When you transcribe the listing that follows, keep every line exact and skip any picture.

> [The data]:
((
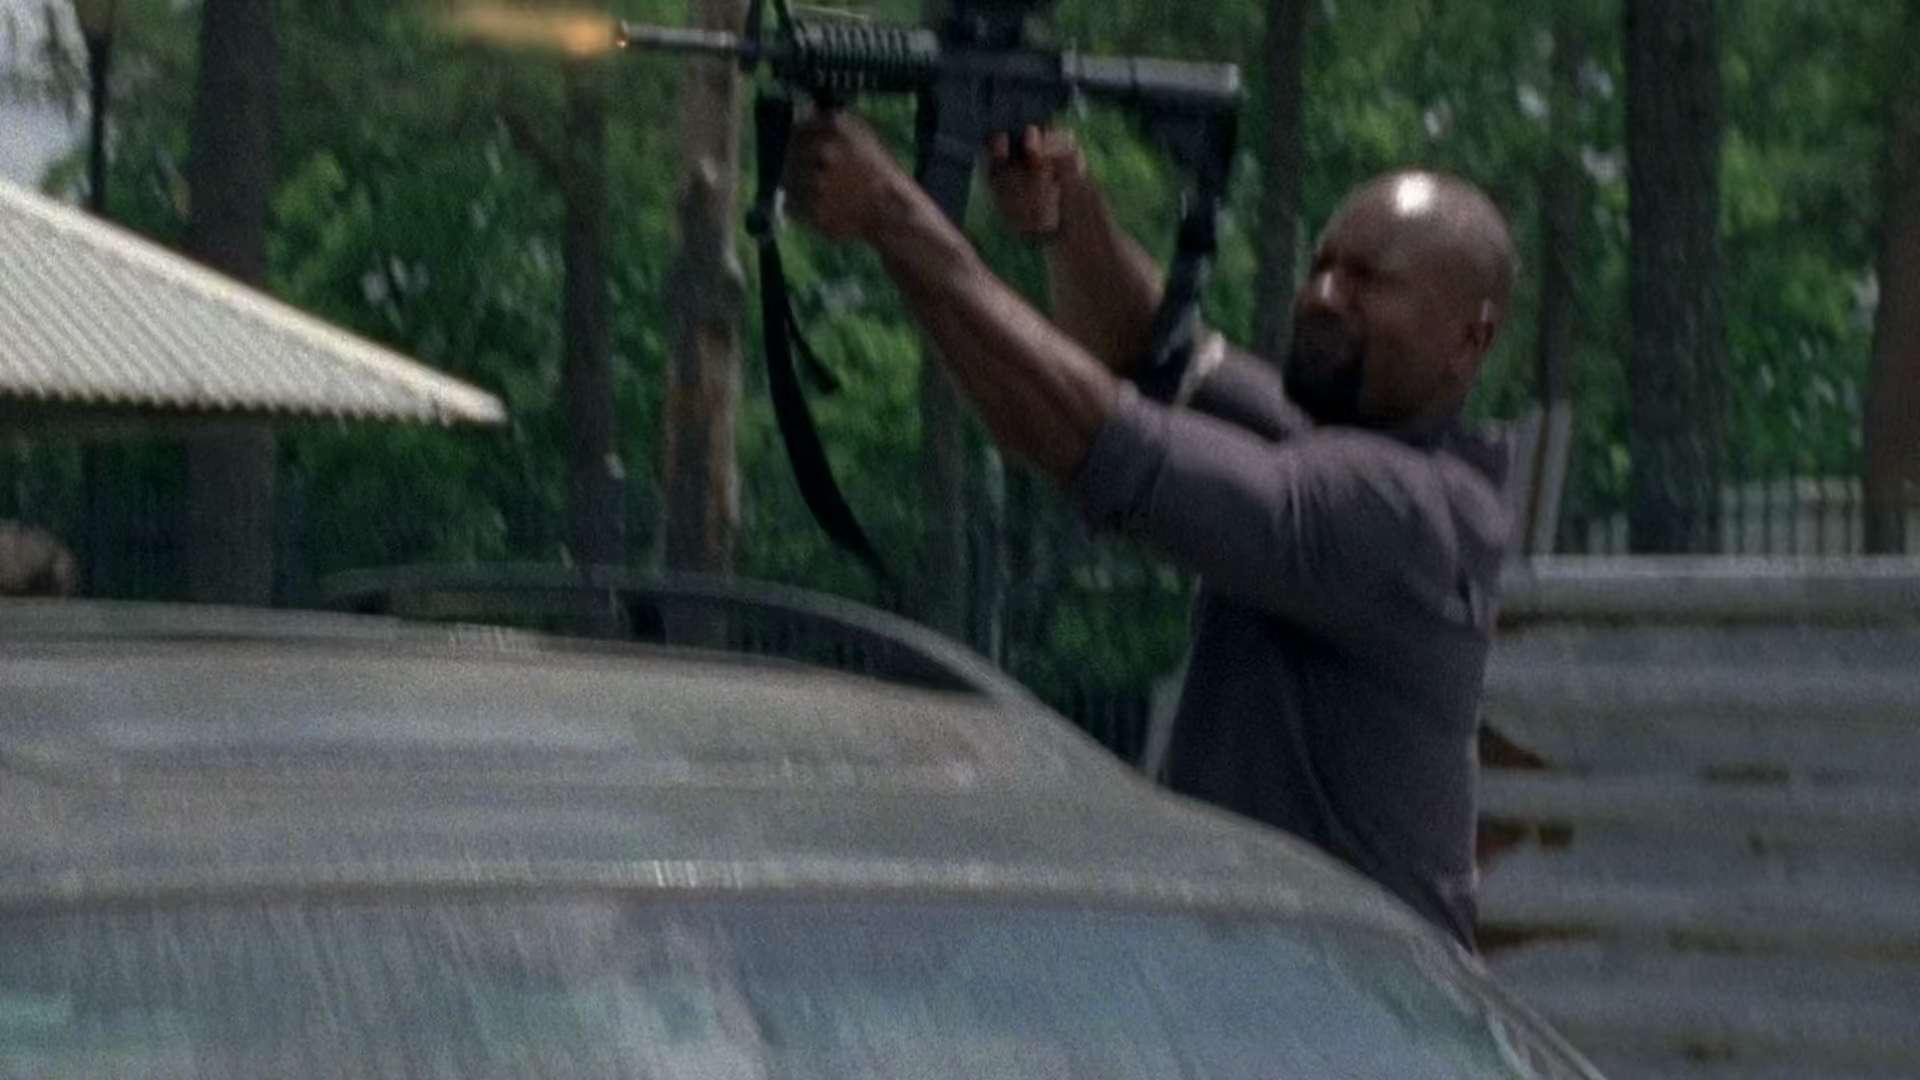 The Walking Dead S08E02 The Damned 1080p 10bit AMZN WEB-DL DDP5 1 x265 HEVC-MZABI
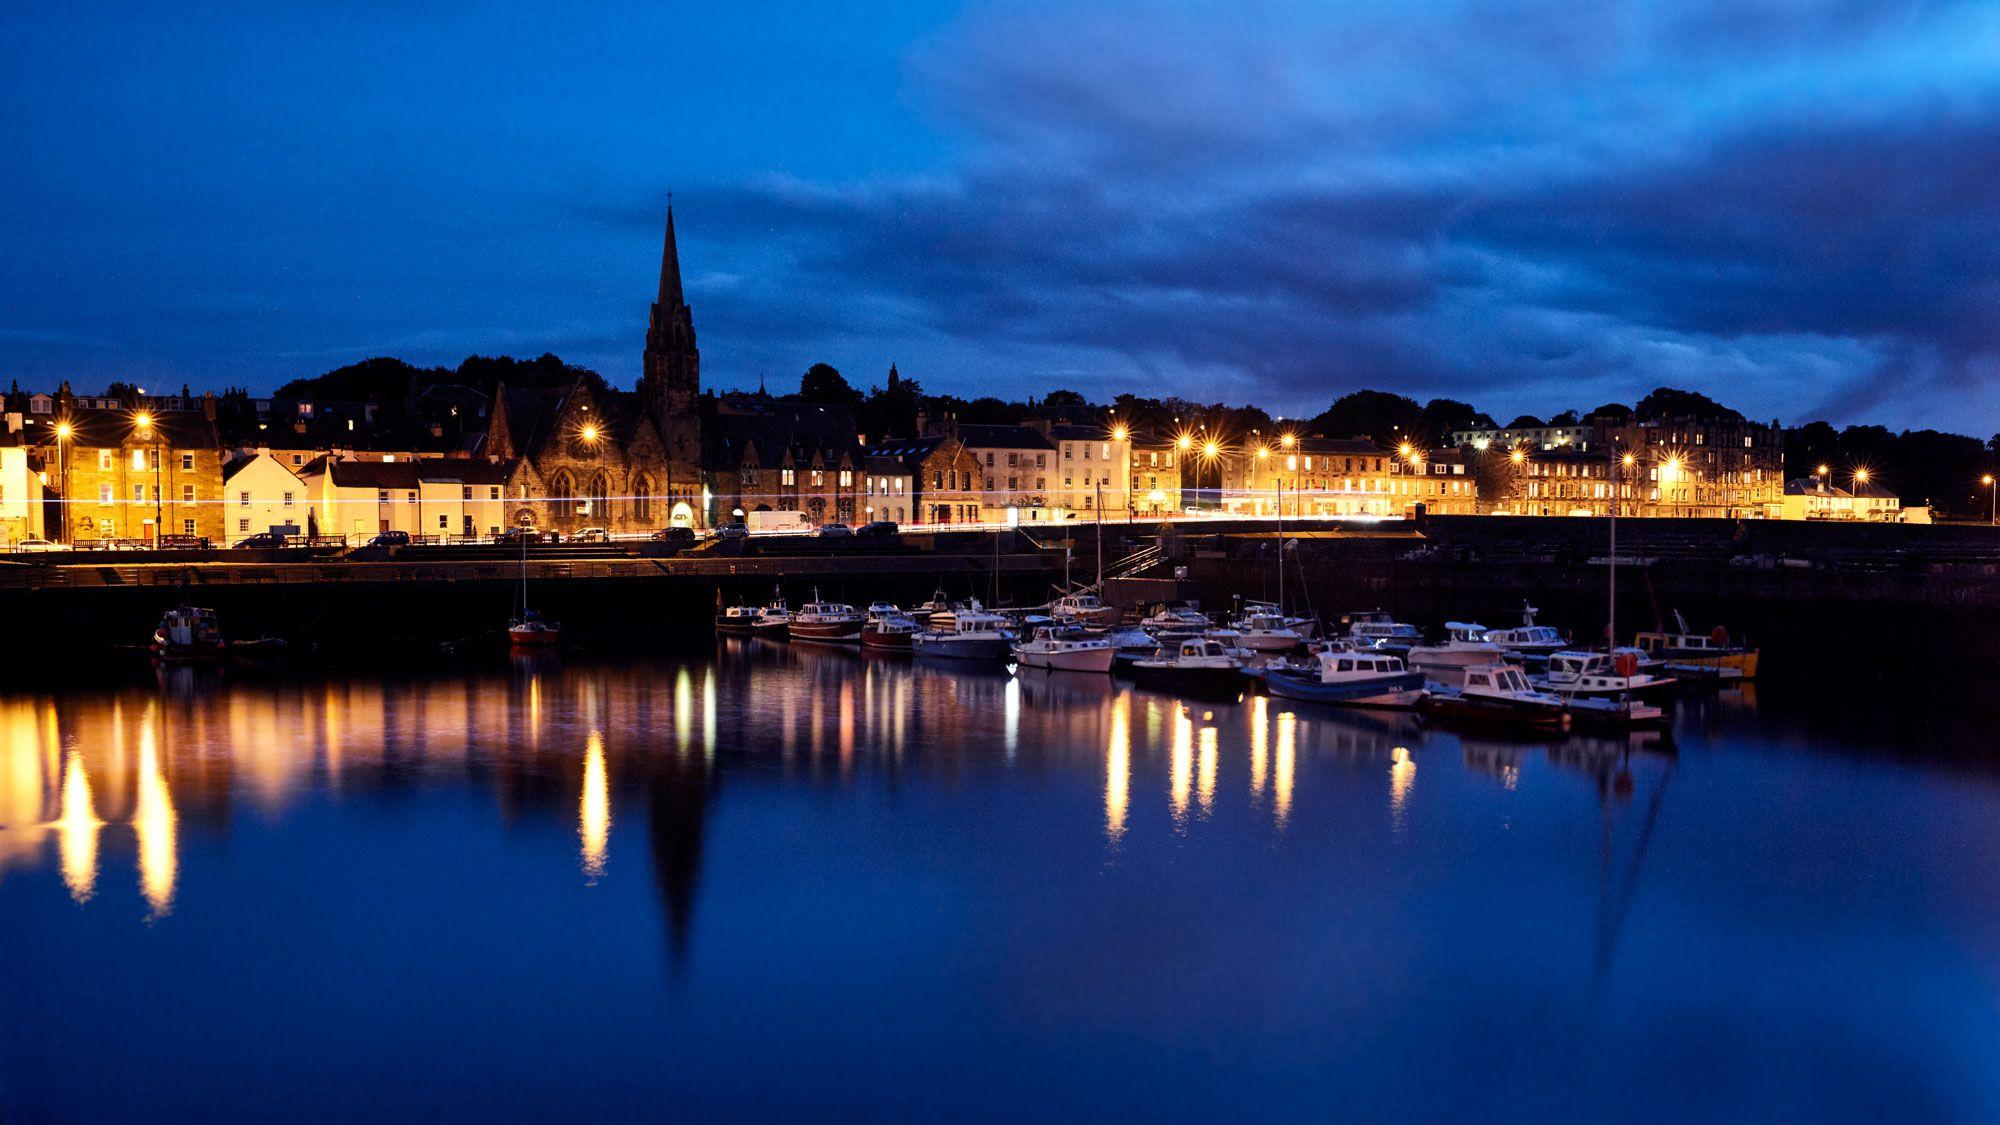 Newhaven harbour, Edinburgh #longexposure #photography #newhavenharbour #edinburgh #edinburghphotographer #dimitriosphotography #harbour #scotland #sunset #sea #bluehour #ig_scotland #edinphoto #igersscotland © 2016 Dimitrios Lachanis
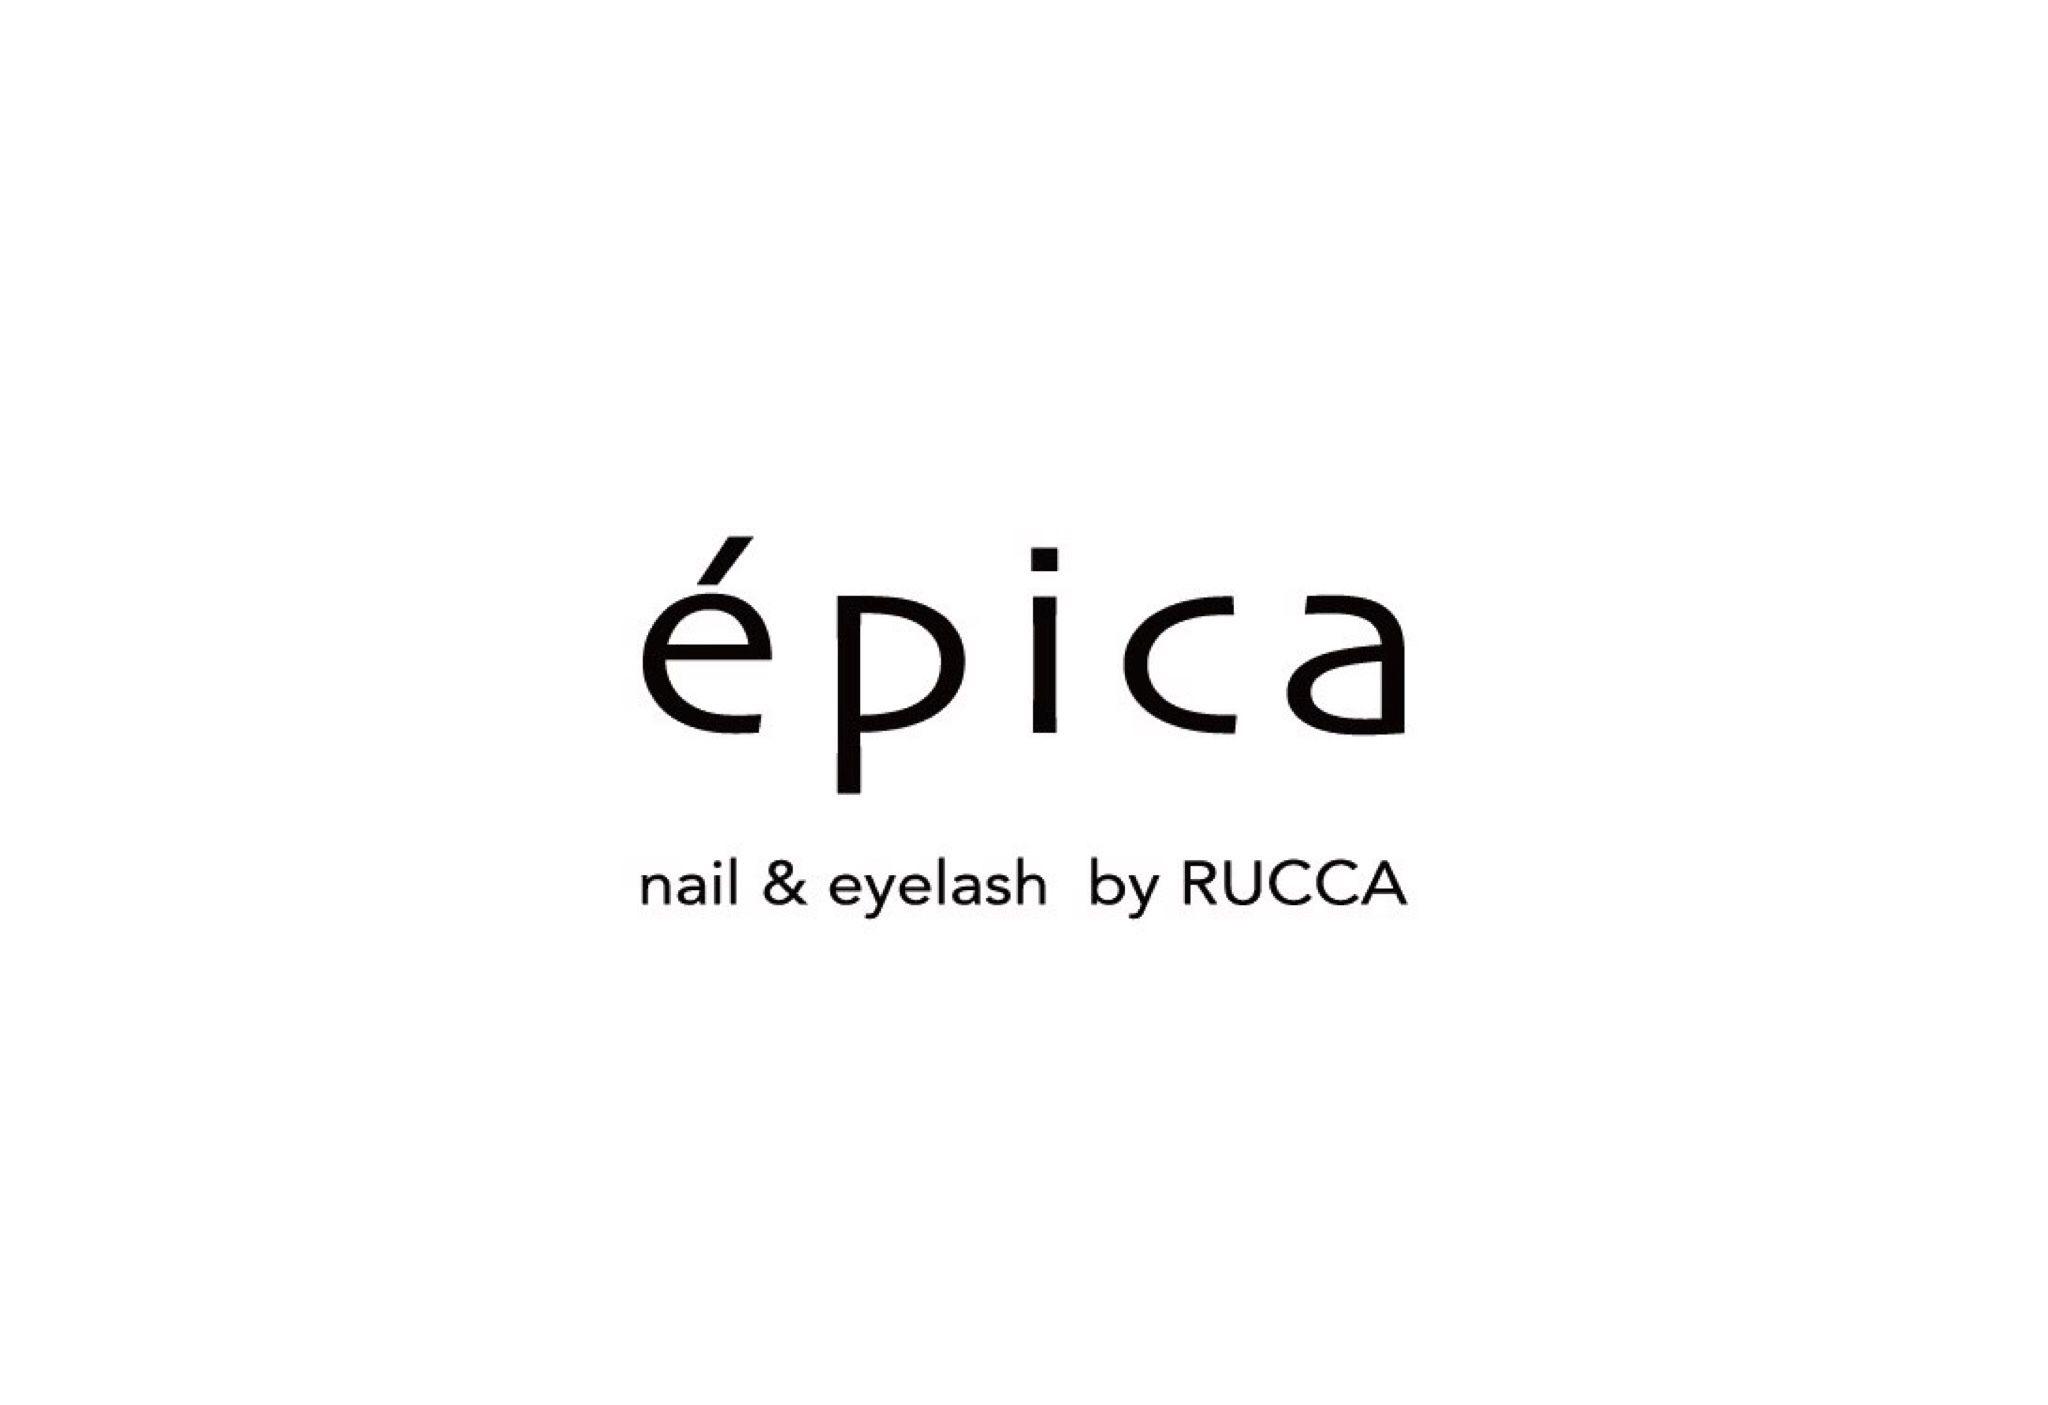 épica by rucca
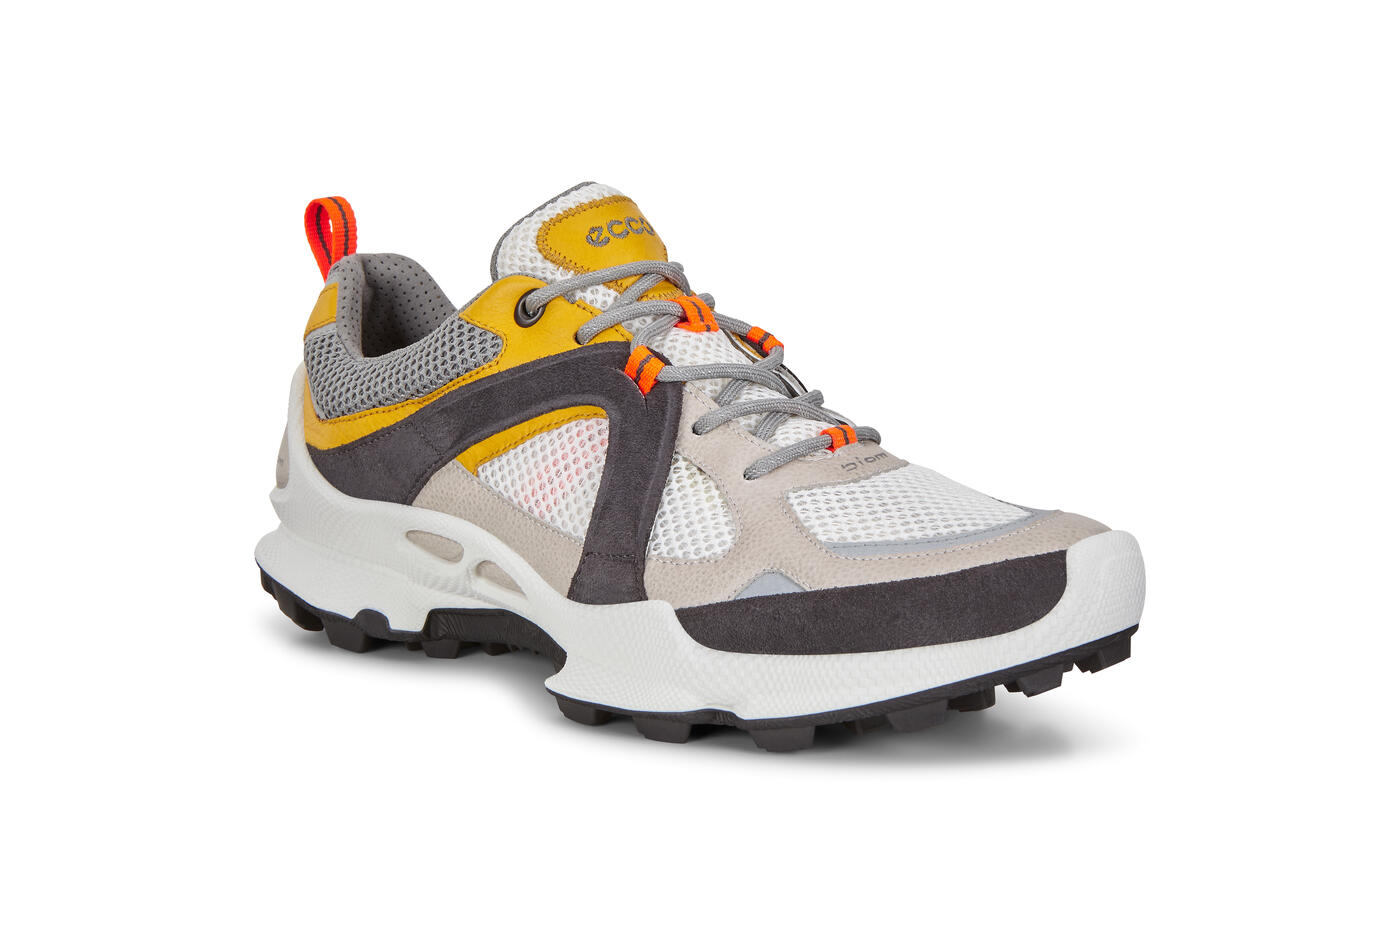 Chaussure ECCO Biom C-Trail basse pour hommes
))
> [Exercise output]:
 The Walking Dead S08E02 The Damned 1080p 10bit AMZN WEB-DL DDP5 1 x265 HEVC-MZABI
 Newhaven harbour, Edinburgh #longexposure #photography #newhavenharbour #edinburgh #edinburghphotographer #dimitriosphotography #harbour #scotland #sunset #sea #bluehour #ig_scotland #edinphoto #igersscotland © 2016 Dimitrios Lachanis
 épica by rucca
 Chaussure ECCO Biom C-Trail basse pour hommes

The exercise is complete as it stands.